There are possible workarounds for these challenges. Taxes could be raised on wealthier Americans, though that might be politically challenging and insufficient on its own to achieve enough savings. Cuts to provider payments could be targeted to those on firmer financial footing or take place in the form of initiatives that improve the efficiency of care.

Lawmakers will likely need a multipronged approach that includes a combination of options to generate enough savings and meaningfully extend the solvency of the trust fund. The sooner lawmakers can lay a road map toward Medicare solvency, the more it will help beneficiaries, their families, and health care providers plan for the future.

Gretchen Jacobson is vice president for Medicare at the Commonwealth Fund.

  • It has been found by many researches that the upper-middle class benefit more individually and as a whole through Medicare, this means we have to take a serious consideration how to truly deliver service to those who indeed can’t afford.

  • I do not understand why the income level for the cut off of taxes for Medicare and Social Security cannot be raised.
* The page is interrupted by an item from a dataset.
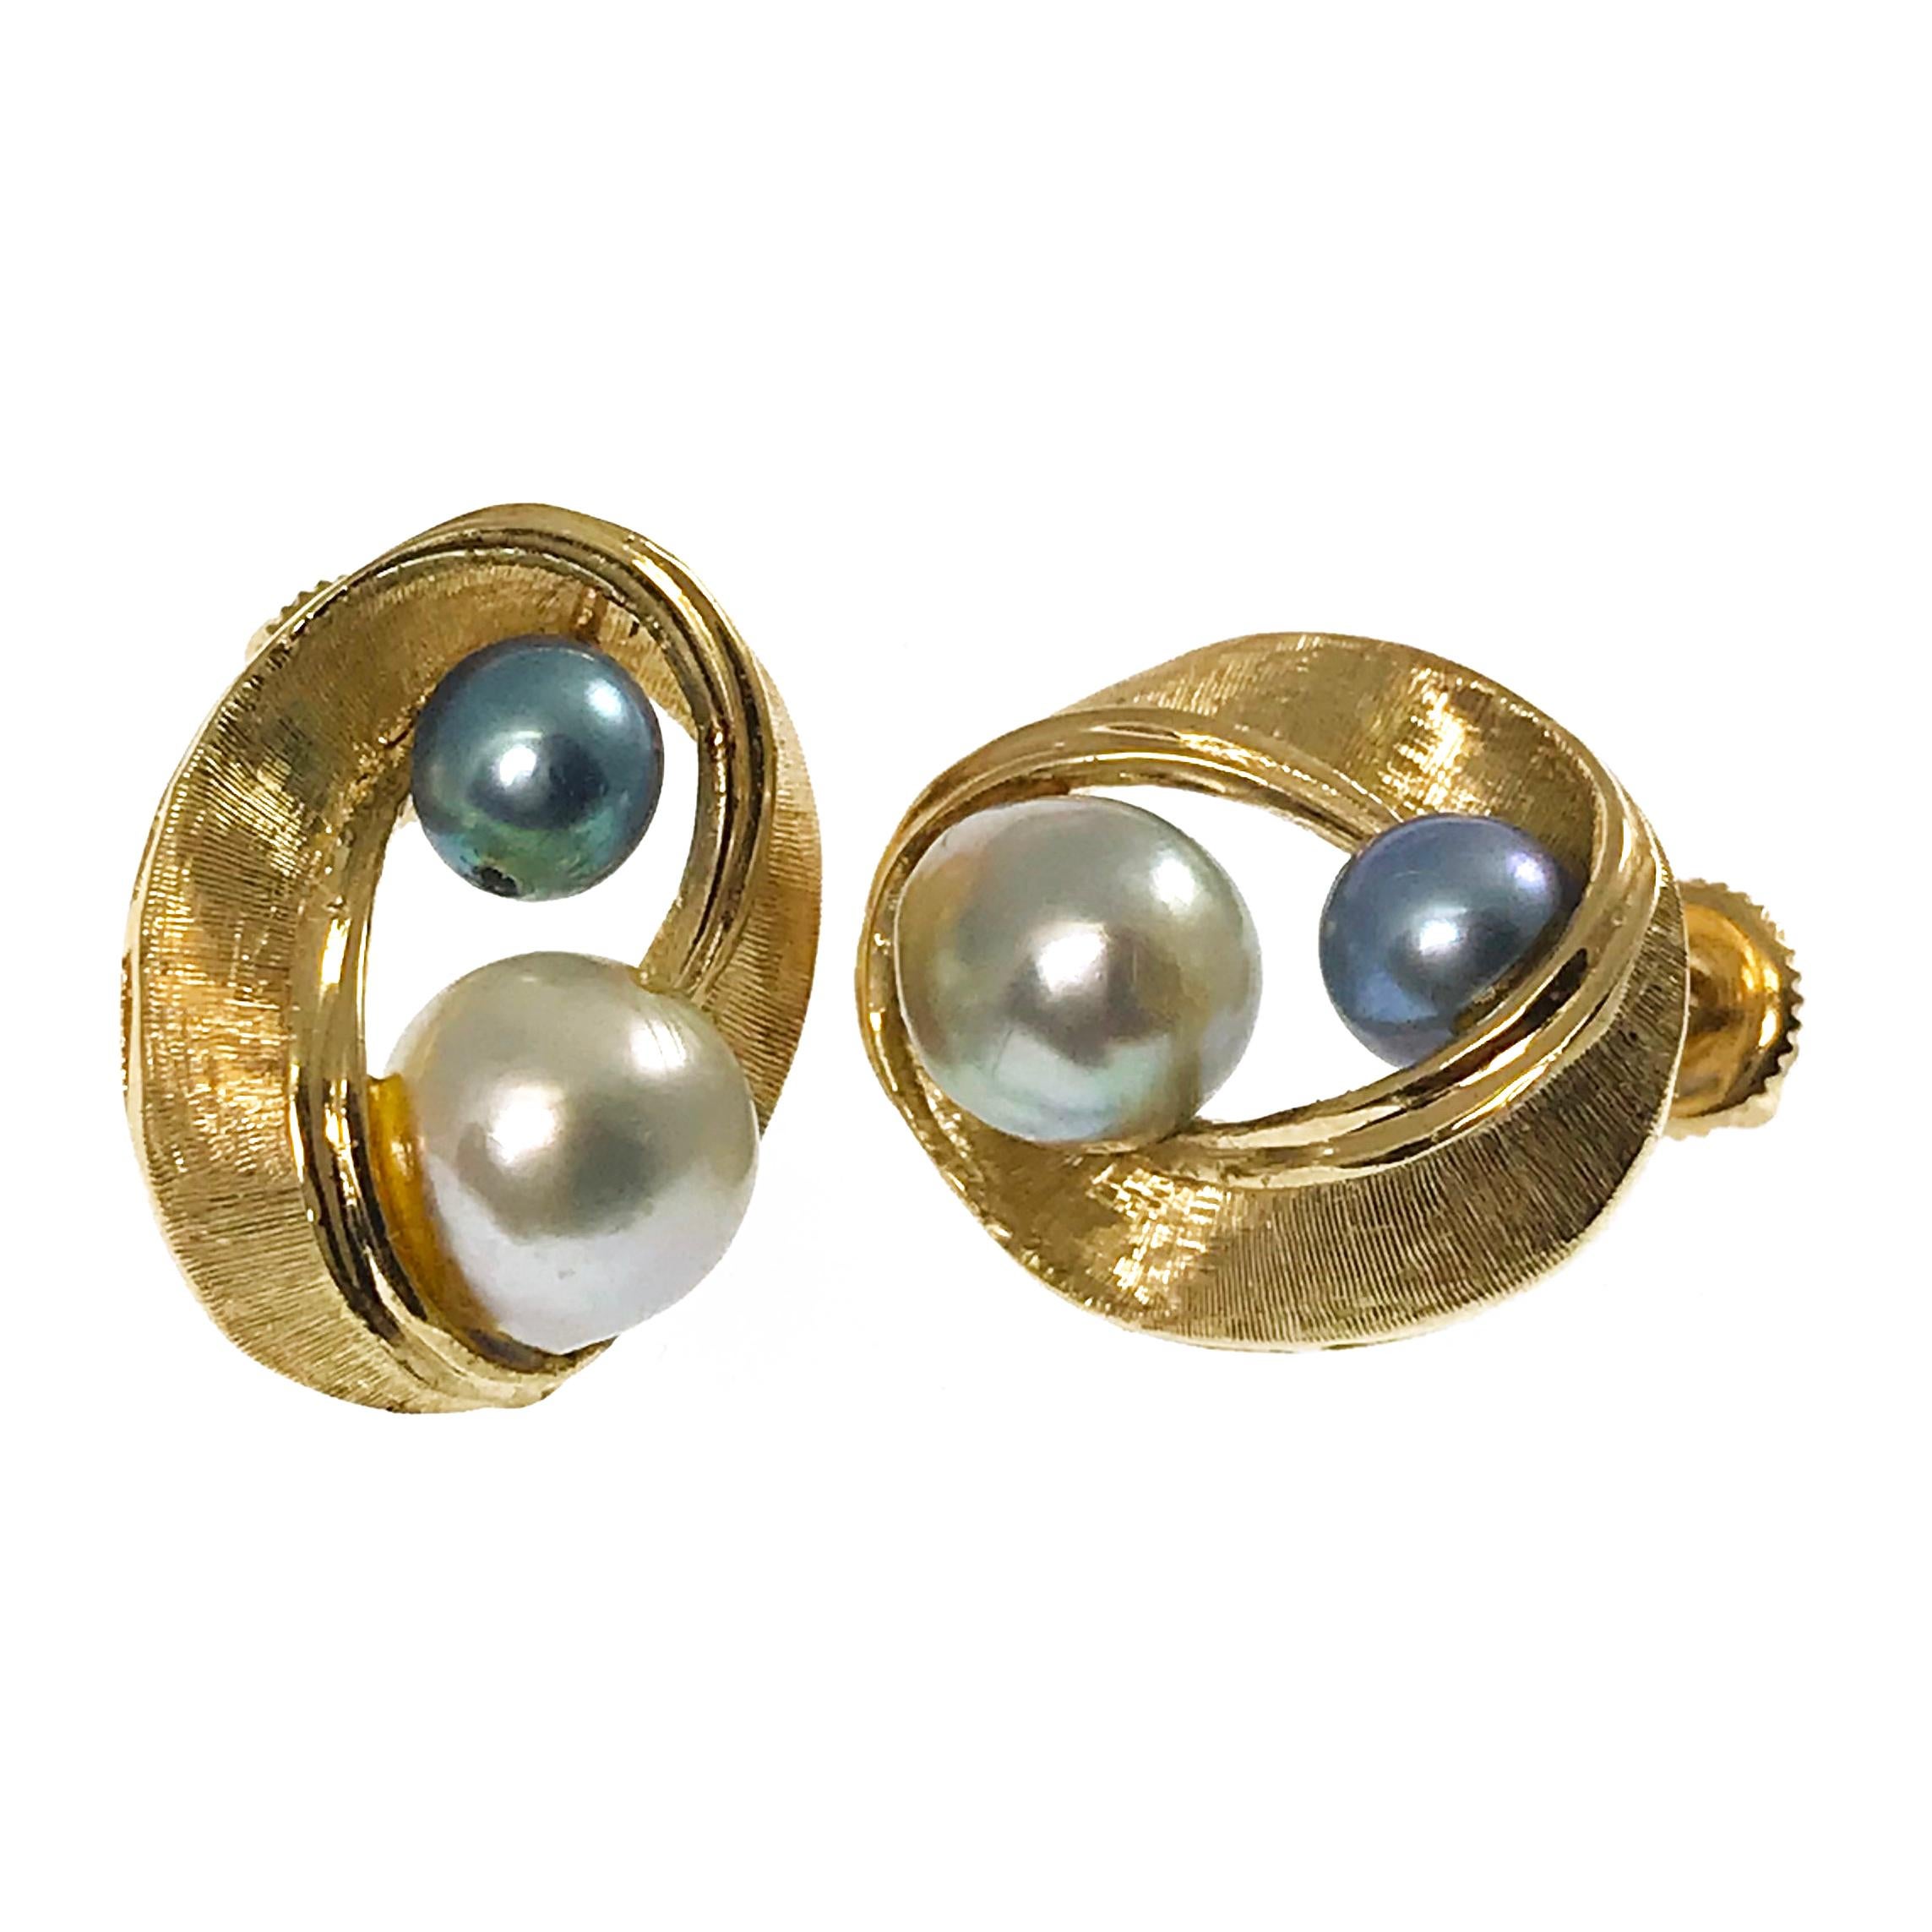 boucles d'oreilles tourbillon de perles blanches et bleu-gris 14 carats. Ces boucles d'oreilles comportent deux perles bleu-gris (entièrement percées) et un ruban tourbillonnant doré texturé. Les perles sont serties sur le haut et le bas de la

It has always seemed to me to be another tax break for the rich. If the tax applied to ALL earned income, the rate could be lowered and lower income people would no longer be paying a higher percentage of their income for these necessary taxes than higher income earners.

  • There is another solution. Congress could pass a national single payer bill–an Improved Medicare for All–which would solve the financing problem for Medicare and for the entire health care system. Medicare has been undermined by the privatization of the Medicare Advantage plans which waste billions of Medicare’s money while penny-pinching on care. The U. S. pays about double, per person, what the health systems of other industrialized countries spend, yet our outcomes fall short and we’re not getting the care. The best solution is to remove the private for-profit insurers and hospitals and the waste they cause allowing us to use our funds to provide patient care. It’s the right thing to do–practical, humane, efficient. Check out the Physicians’ proposal for a National Health Program here: https://pnhp.org/what-is-single-payer/physicians-proposal/

    • I’m a health insurance broker, and I don’t know where you get your information from. Medicare-For-All would put the entire burden of healthcare on the taxpayers, or do you think the government just needs to keep printing money?
      If Medicare Advantage was used as a boilerplate for all states using Medicare funds as they do now with more insurance company funds, there would be relief for taxpayers with adequate care. Currently Medicare pays 80% of eligible expenses….for someone with a $100,000 bill, Medicare is on the hook for $80,000…with $20,000 going to insurance. With Medicare Advantage, each insurance company gets approx $10,000 from Medicare for each member, and they must manage the $90,000 balance, with a small portion going to the member. If more claim liability is given to insurance companies instead of the government, you’ll see relief that you’re looking for in the system….without turning to the socialist agenda of Medicare-For-All!